中野ブロードウェイ内のまんだらけUFOにて300円で購入。みんな大好きCG創成期のイナタいアニメーションの短編が45分に詰まった作品集です。

VHSで観れるこの時期のゴテゴテCGアニメーションといえば「The Mind's Eye」シリーズが有名(?)ですが、そちらはYouTubeで観れるもののVHSを入手するとなると1万近くの値が付いていて、なかなかに夢のアイテムと化しております。ちなみにそちらはDVD化したものがドラッグミュージックの通販サイトでも販売されていることからも分かるように、病気の時に見る夢のような内容で最高です。ウゴウゴの巨人お姉さんのOPが生易しく思えるような。しかし部分的にはVapor感覚に直結しているシーンも多々あり、(Vaporwaveとは無関係ですが)BAVYMAISONという日本のバンド(昨年解散)がPVの素材として引用しています。

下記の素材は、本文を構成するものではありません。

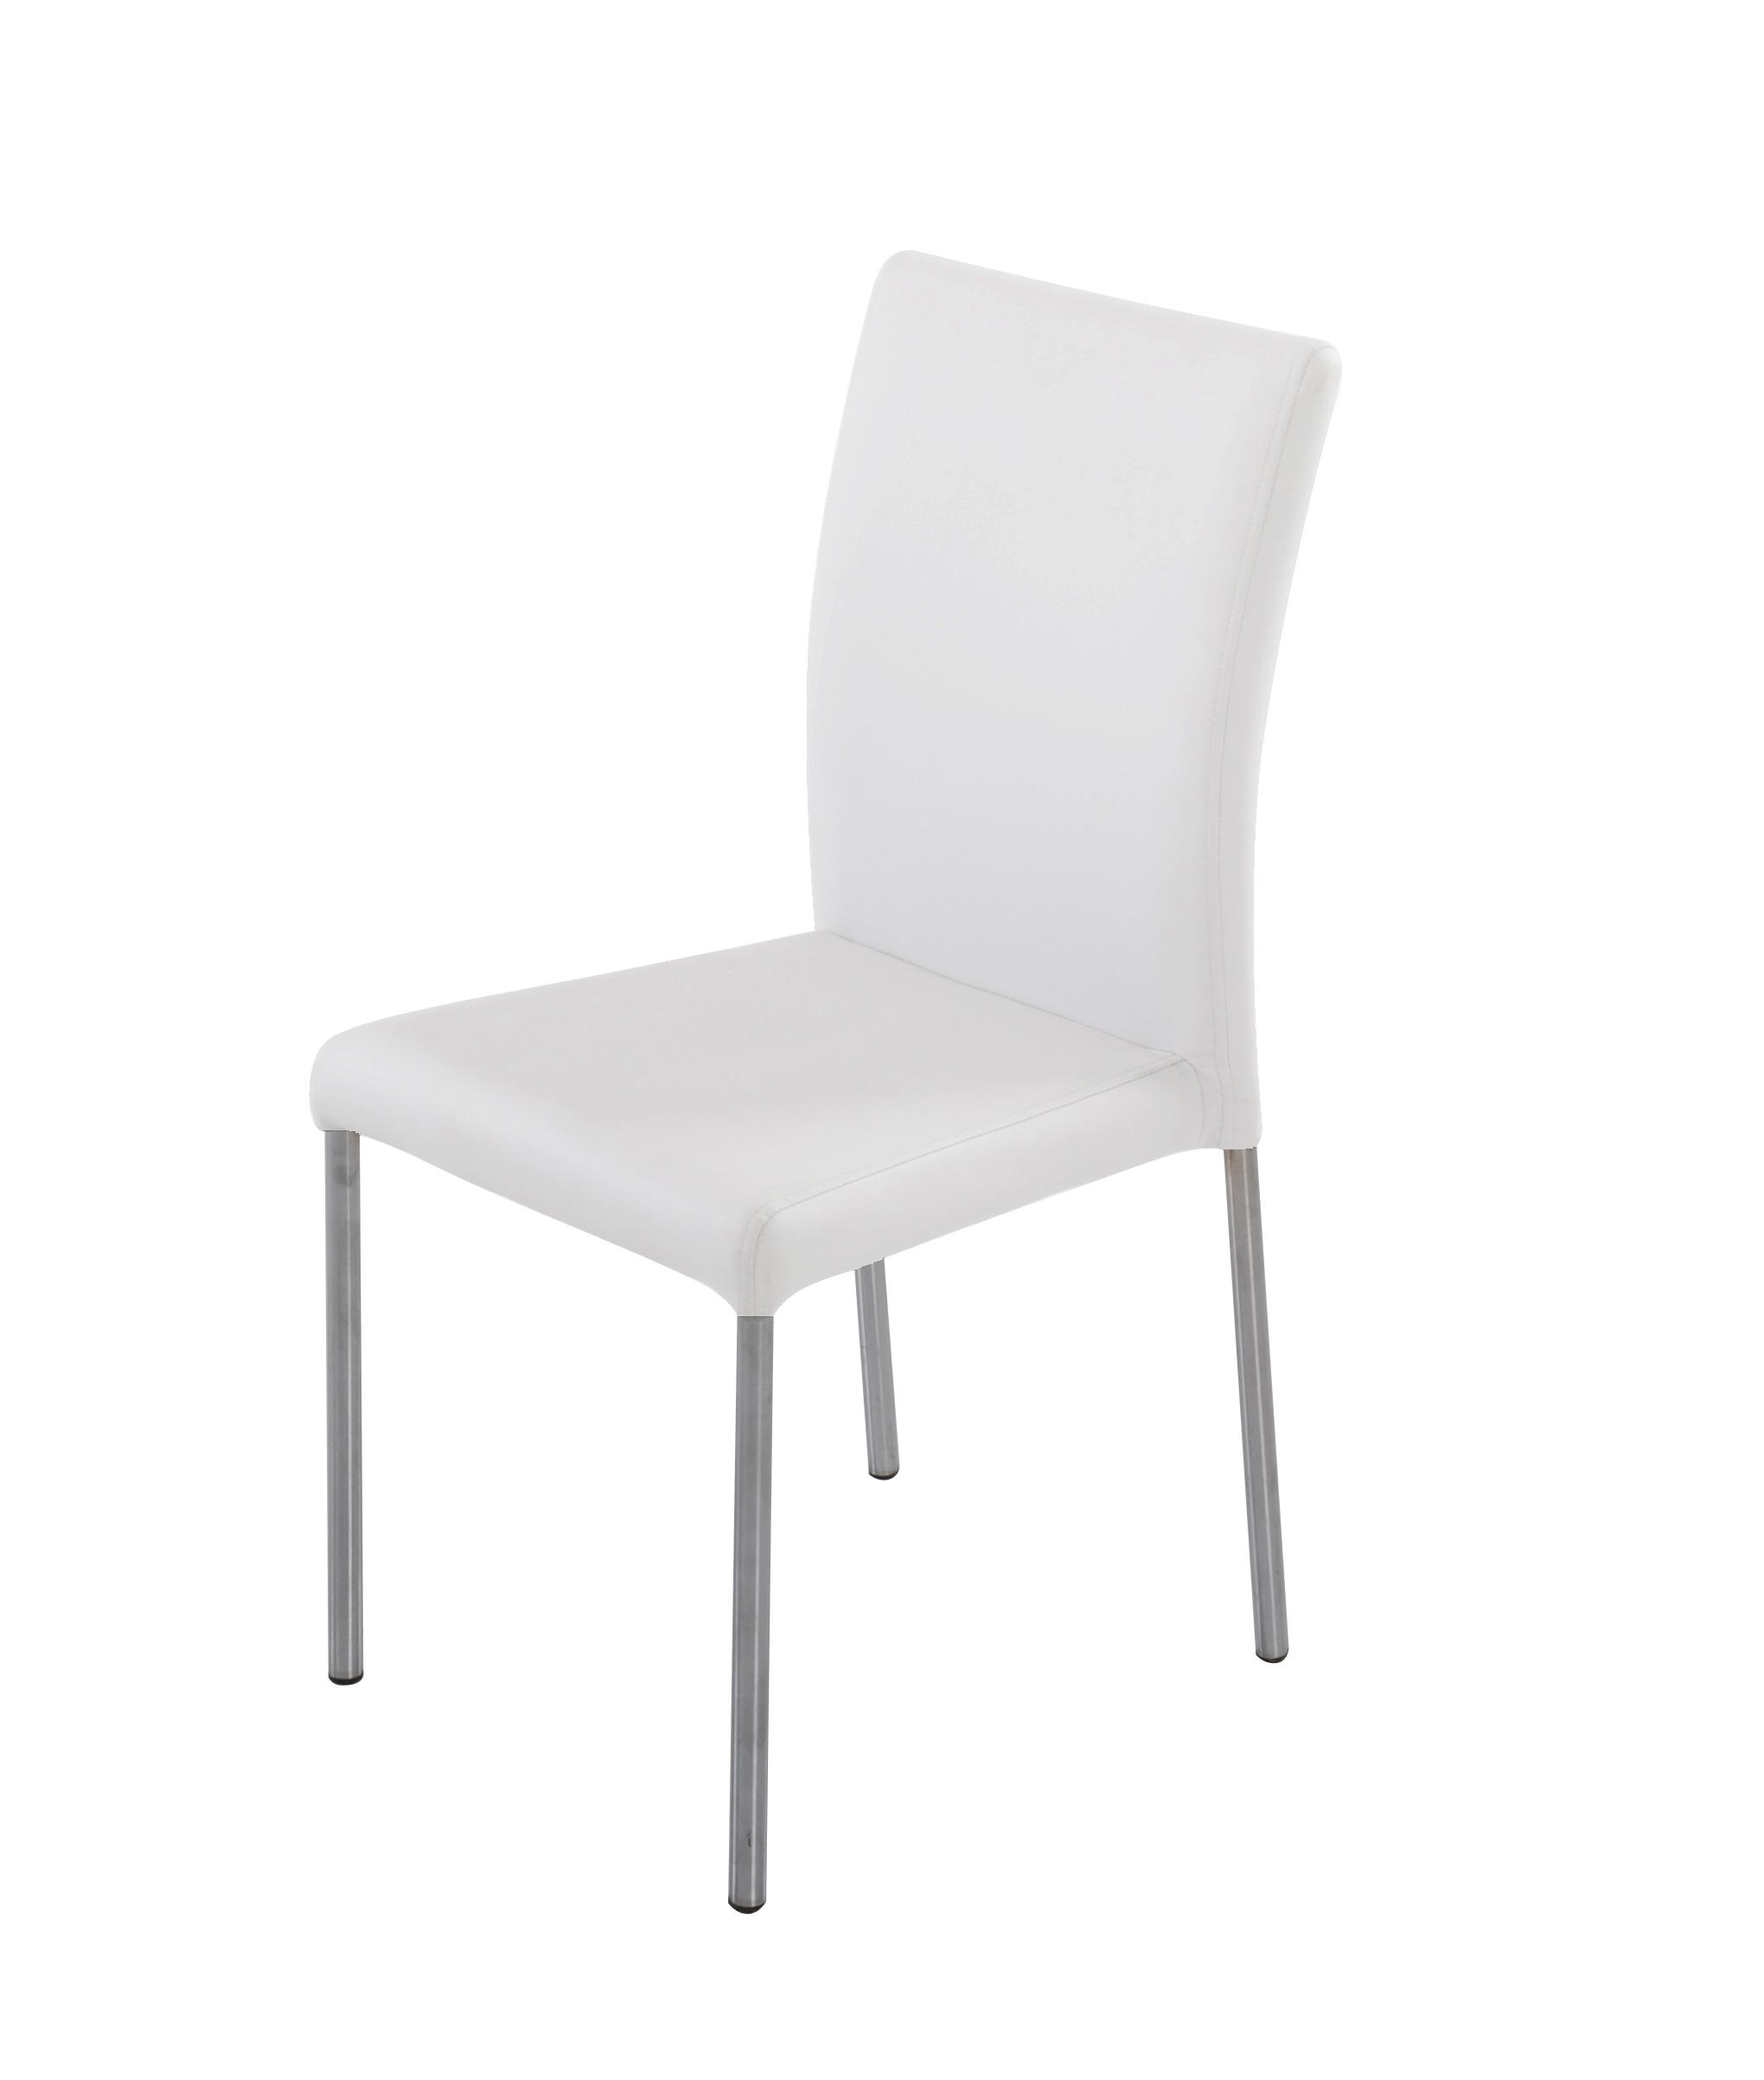 sillas de cocina conforama

https://youtu.be/b5zMtCvWhG0

「Beyond The Mind's Eye」

https://youtu.be/gpjt_XdjTX8

BAVYMAISON「不倫」

 

このような作品集の存在を知っていただけにUFOで件のVHSを発見したときの期待感は…お察しください。しかも二本同じものが並んでいて、どちらも300円だったので思わず両方レジへと運びそうになってしまいましたが、なんとか理性を取り戻して一本購入。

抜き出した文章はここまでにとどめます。